A recent survey by a coalition of Canadian international development
organizations found that 94% of Canadians say it is “important to improve health,
education and economic opportunity for the world’s poorest people.”
I'm sure they feel that way. Who
wouldn’t? It would be a very mean-spirited and Grinch-like person who says the world’s poor shouldn't be able to improve their lives.
The aid groups that created the survey might think this proves to government that it should increase foreign aid spending. The public wants it!
But it really proves no such thing. At best, the question only tests aspirations, not what they really believe or do.
In the world of polling, questions like this are known as a halo or angel question. That is, people answer with what they think
or believe they should say—the thing they aspire to.
There’s nothing wrong with
aspirations; we all should have them. But they only measure what people think they should do. They don’t measure what they actually do.
A good follow up question would be: And when
was the last time you donated to help poor people improve their health, education
and economic opportunity?
That would provide better data for making decisions.
For non-profit groups, asking
good questions is key when doing surveys about giving. It is also helpful when
doing surveys about communication.
We want to know: What do people want to read in our newsletters and websites? The challenge is that people will tell you one thing, but do another.
This is something the media is
discovering, sometimes to its chagrin.
For decades, it was hard for TV,
radio and newspapers to know what kind of news audiences actually watched,
listened to or read.
In focus groups and TV and
radio measurement books, people reported that they liked hard news about the world. But who could
tell if they were really telling the truth?
Then the Web came along. Now
the media knows exactly what people pay attention by counting what they click
on.
It’s not the result they hoped
for.
Intuitively, editors and news
directors knew that international news ranked lower than, say, horoscopes and
celebrity gossip. But by counting the clicks they now know how much lower it
is.
Last year, BuzzFeed released
a review of traffic to sites within its partner network, including
the New York Times and The Atlantic. Of the 20 most viral stories
across those sites, just three dealt with recent news events.
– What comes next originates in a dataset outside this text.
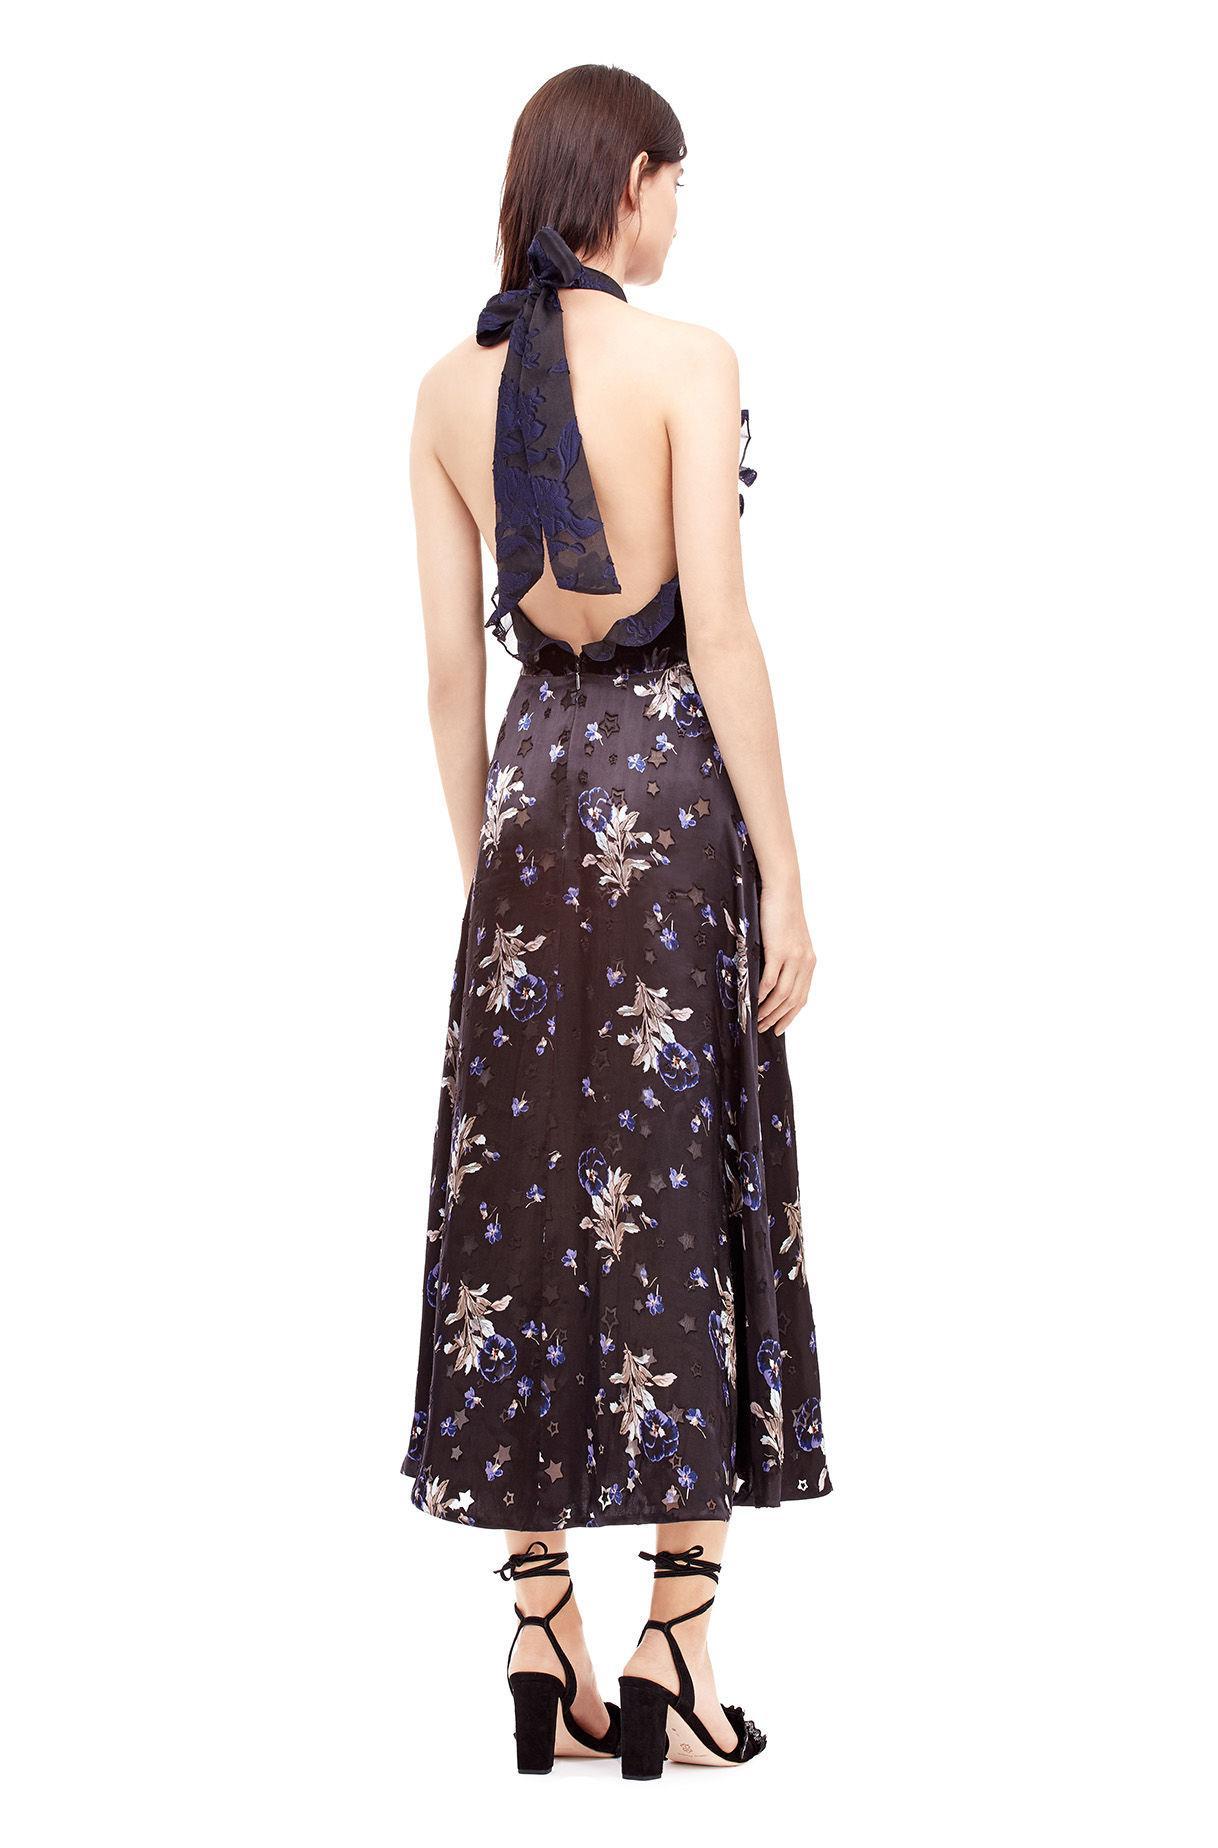 Brown Satin Halter Dress

What was in the top most shared
items? Quizzes, lists, and emotional poppers. Iraq, Afghanistan and the economy—three important topics—didn’t rank high at all.
In an article in Atlantic Online, titled "Why Audiences Hate Hard News and Love Pretending Otherwise," Derek Thompson put it this way: "Ask readers what they want to eat, and they'll tell you
vegetables. Watch them quietly, and they'll mostly eat candy."
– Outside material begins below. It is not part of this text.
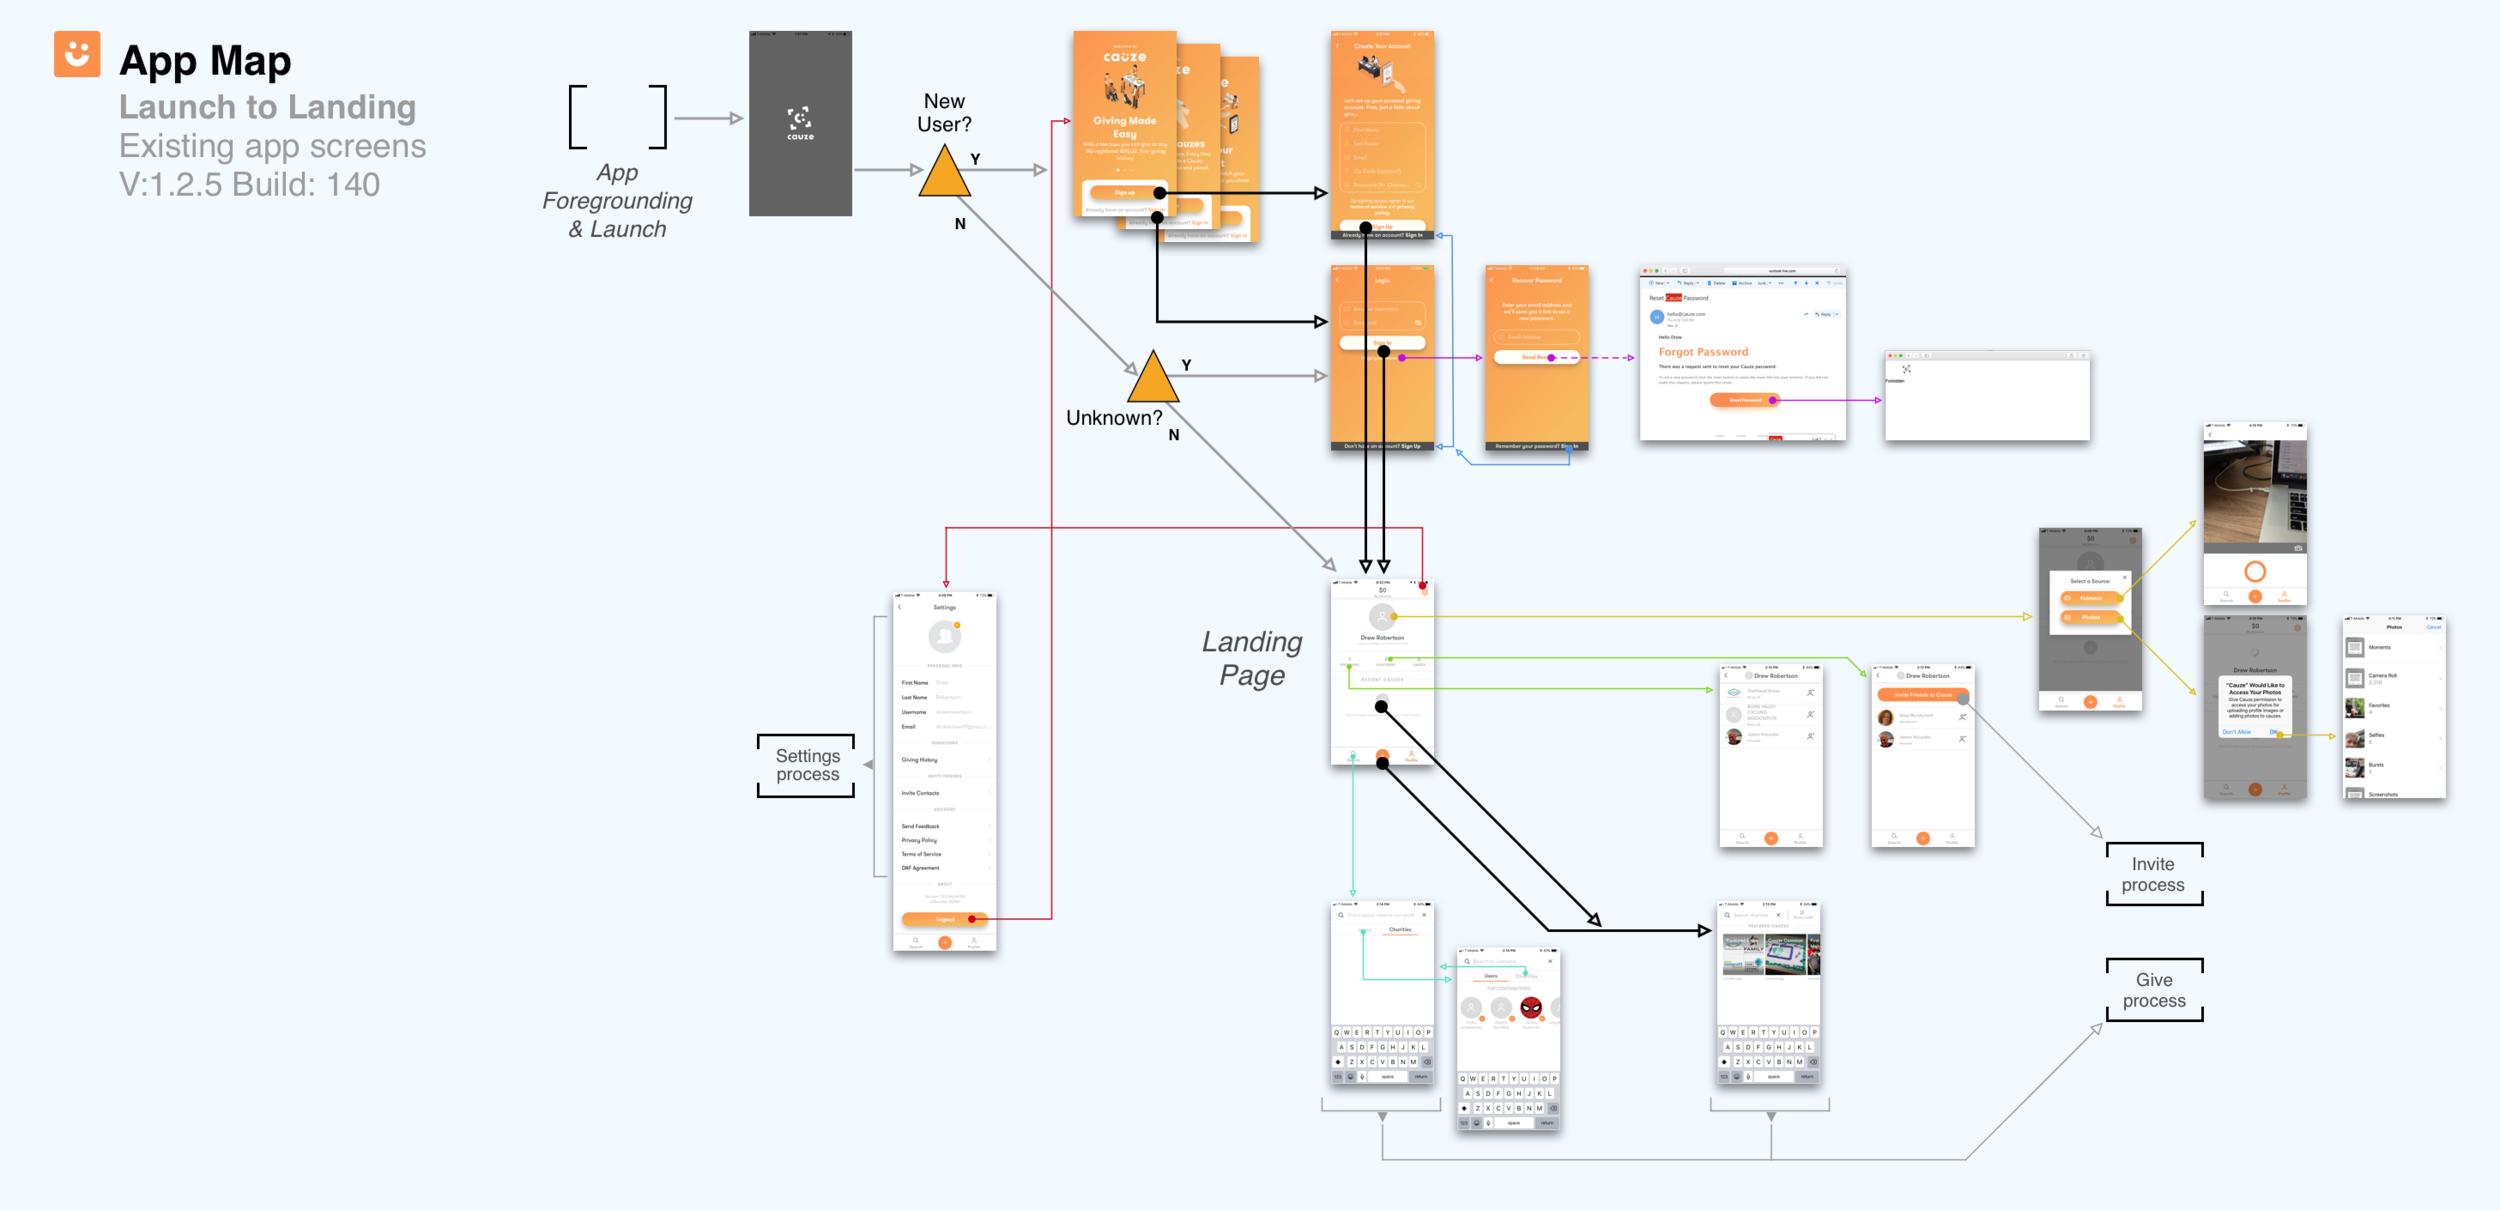 2-App Map.png

Audiences, he went on to say, "are
liars, and the media organizations who listen to them without measuring them
are dupes.”
The culprit isn't Millennials, or
even Facebook. This challenge has existed for a long time.
According to Thompson, it’s about
something psychologists call fluency.
“Fluency isn't how we think: It's
how we feel while we're thinking,” he wrote.
“We prefer thoughts that come
easily: Faces that are symmetrical, colours that are clear, and sentences with
parallelisms."
For hard news, fluency creates two problems: "It's hard and it's new.”
(Fluency also explains why most
liberals prefer to read and watch liberal-oriented media, while conservatives
prefer to read and watch conservative-oriented media—because it easier to read
something that bolsters your conviction thatn something that challenges it.)
Now that the media is able to precisely determine what people pay attention to—before there were eyeballs on our
eyeballs—it was hard for them to know exactly what we were doing.
But now the media knows. And what they know, as Thompson put it, is that “readers lie.”
This is something to keep in mind
the next time someone produces a survey saying that a majority of people feel one way or another about your cause or issue—so put more hard and detailed articles on your website.
People may, in fact, believe they should show read those kind of articles. But when it comes to what's real, your web analytics will tell the truth: Most prefer candy.